On 2012-09-28 14:09, Michael Stahl wrote:
On 28/09/12 13:46, Noel Grandin wrote:
Hi
I don't really understand the point of not being able to mutate OUString
in-place, but being able to overwrite it via the assignment operator?
It seems to me it should be one or the other.
Either OUString is immutable, and it cannot be assigned to, except via a
constructor, or it is mutable, and we can pretty much throw away
OUStringBuffer.
[accidentally sent this first to Noel only instead of the list]
the point you are missing is that OUString is a sort of "smart pointer"
to an immutable buffer. it works similarly to "String" in Java, e.g. in
Java "String s = "foo"; s = "bar"" is legal but you cannot modify the
content of whatever value is assigned to "s".
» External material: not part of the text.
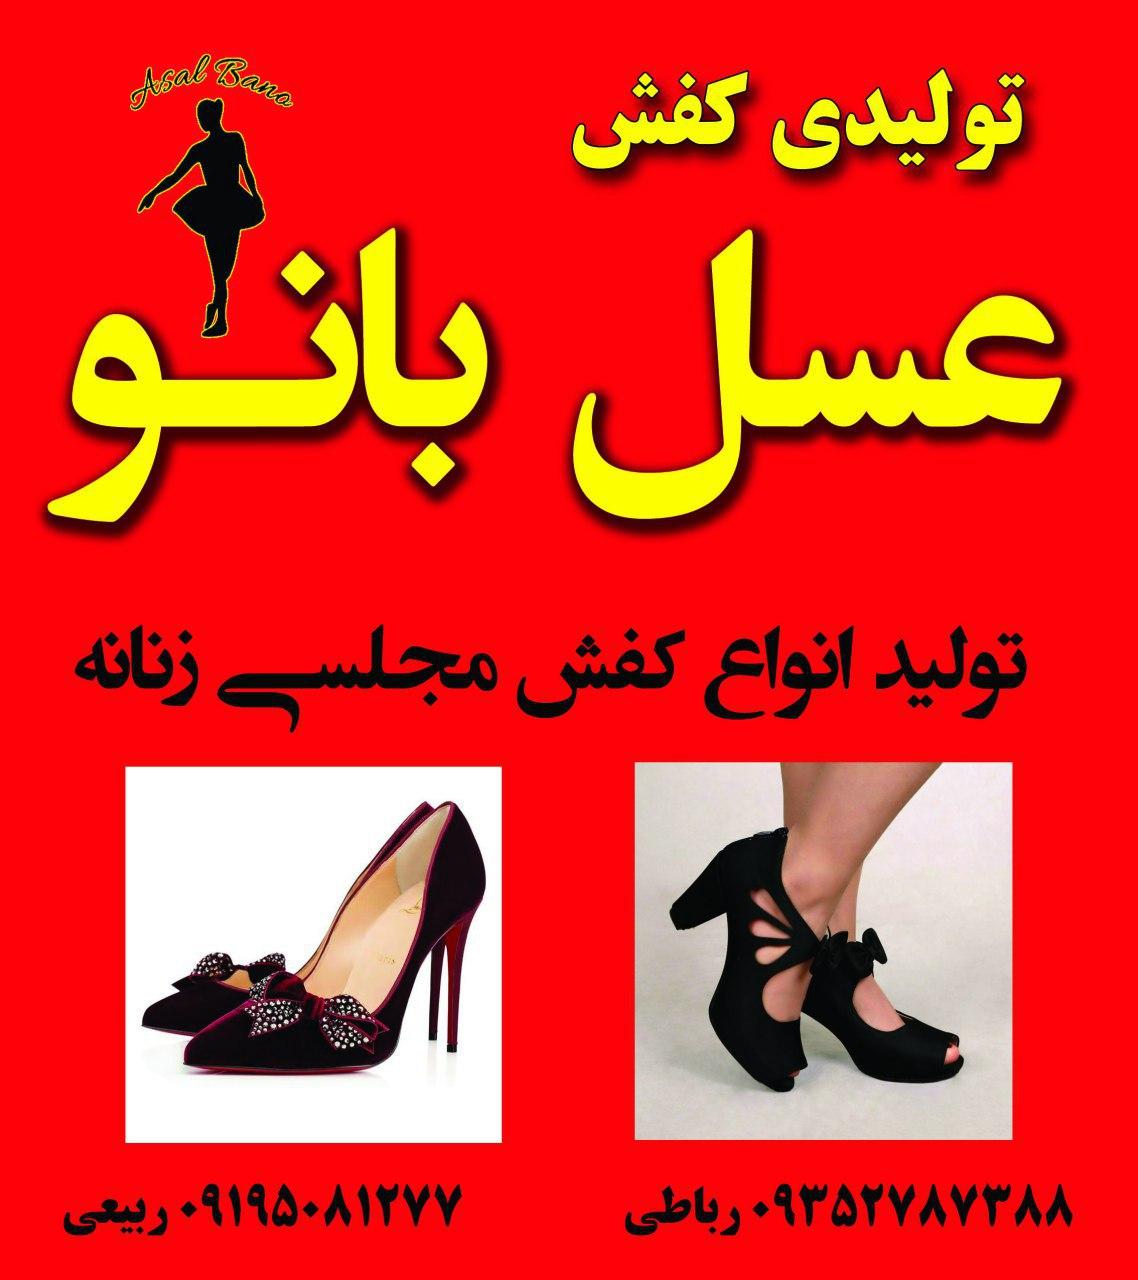 تولیدی کفش زنانه عسل بانو

that's why OUString has an operator= that makes it point at a different
buffer but offers no way to write into the buffer (at least i hope it
doesn't...).
That is exactly what makes it weird - it looks like a Java String, but
it's not, because you can do this:
void f(OUString s) {
s = "2";
}
OUString s = "1";
f(s);
cout << s; // will print "2"
ie. the modification inside the method is visible outside the method.
Also, in Java, this
String s = "1";
is really syntactic sugar for this:
String s = new String("1");
So it's not a real assignment operation.
It just seems to me that we could easily enough steal a bit from the
length field to indicate that the buffer is immutable, and then we could
reduce our complexity by eliminating OUStringBuffer.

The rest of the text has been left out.